Shareholders bless marriage of Granges and Da Capo

After several months of courting, shareholders of Da Capo Resources (DCX-T) and Granges (GXL-T) have voted overwhelmingly to tie the knot.

The new company, Vista Gold (VGX-T), will have 100.7 million fully diluted shares outstanding, no debt and US$20 million in working capital once the merger is approved by authorities.

“This is going to be a balanced mining company, with a solid profile of exploration projects,” says outgoing Da Capo president Ross Beaty, who will become Vista’s vice-chairman.

The new company’s assets will include Granges’ Hycroft mine in northern Nevada and the Guariche development project in Venezuela, as well as Da Capo’s Bolivian projects, including the Amayapampa-Capa Circa development project and the Copacabana, San Gerardo and India properties. (The San Gerardo is 48% held by Teck).

Last year Hycroft produced 101,128 oz. gold at a cash cost of US$272 per oz., and 417,832 oz. silver. The mine has reserves of 58.8 million tons grading 0.019 oz gold, and production for 1996 is projected to be 120,000 oz. gold.

Beaty, who will also be Vista Gold’s largest shareholder, with 9% of shares, says the new company will be “Latin American-friendly.”

By 1999, Vista hopes to have 3 million oz. of gold reserves, three operating gold mines producing 300,000 oz. gold annually, and a 32% reduction in cash production costs.

“I believe we have one of the most undervalued gold stocks on the market,” outgoing Granges president Michael Richings told the Da Capo meeting.

Holders of Granges shares will receive one common share of Vista for each Granges share, and Da Capo shareholders will receive two Vista shares for each Da Capo share.

The formal vote came one day after Da Capo released new results from its San Gerardo and Copacabana properties.

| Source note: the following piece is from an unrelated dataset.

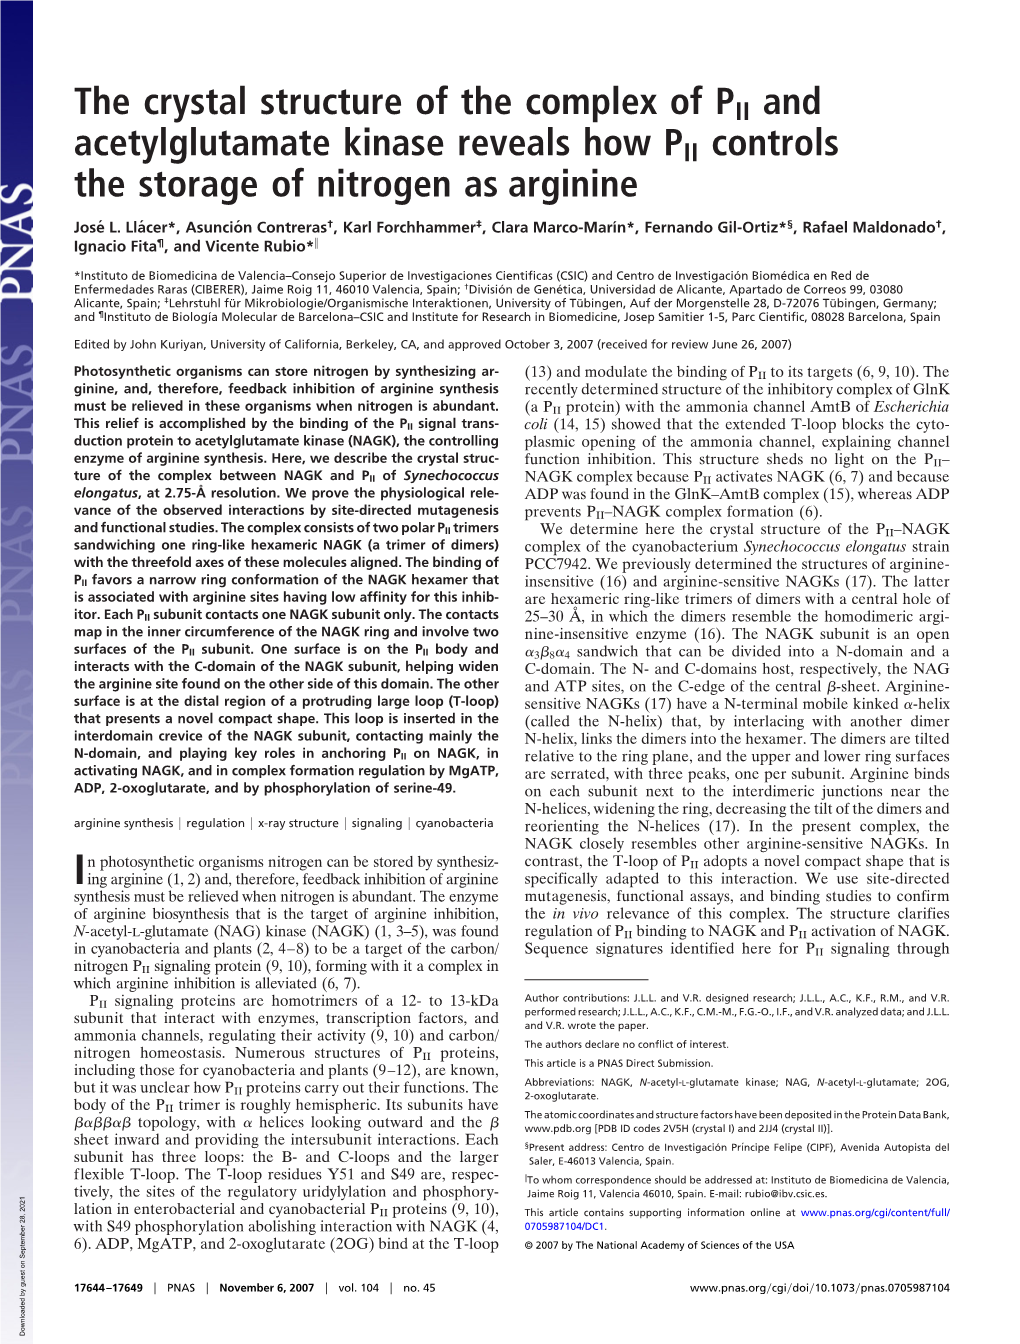 The Crystal Structure of the Complex of PII and Acetylglutamate Kinase Reveals How PII Controls the Storage of Nitrogen As Arginine

At San Gerardo, hole 29 intersected 115.4 metres grading 1.08 grams gold per tonne, including 37.6 metres grading 1.67 grams gold. Hole 30 intersected a widespread interval of anomalous gold. Da Capo says the results confirm the large size of the mineralized system on the property, defined to date by 30 drill holes over an area measuring 850 by 400 metres, including results of 54 metres at 5.54 grams in hole 18 and 31 metres at 3.22 grams in hole 6.

At 100%-held Copacabana, Da Capo received results from five of nine holes drilled by reverse circulation along a 1,000-metre surface trace of a swarm of gold-bearing quartz veins.

Hole 3 returned 92 metres grading 2.97 grams gold; hole 3 returned 32 metres at 0.46 gram; hole 5 intersected 28 metres at 5.27 grams and bottomed in mineralization; hole 6 hit 4 metres at 1.32 grams, also bottoming in mineralization; and hole 7 returned 40 metres grading 1.57 grams.

“I think we’ve discovered an economic orebody,” Beaty said. “These are good numbers and we’re excited. We have the opportunity to build the two largest open-pit mines in Bolivia in the near future.”

At the Amayapampa and Capa Circa properties, a final feasibility study is under way, including a major drilling program, metallurgical studies and infrastructure, permitting and environmental work.

Amayapampa has 6.2 million tonnes of reserves grading 2.54 grams gold, whereas Capa Circa has 27.6 million tonnes grading 1.21 grams.

Officials hope to make a production decision by April of next year, with startup envisaged for July 1998. The open-pit Amayapampa mine is expected to process 3,000 tonnes per day, while underground Capa Circa will process 200 tonnes per day, producing, in total, 100,000 oz. per year. The gravity-flotation- cyanide leach mill will have a capacity of 3,200 tonnes per day, with 90-92% recovery.

Capital costs will be US$62 million, and the cash operating cost is projected at US$140 oz.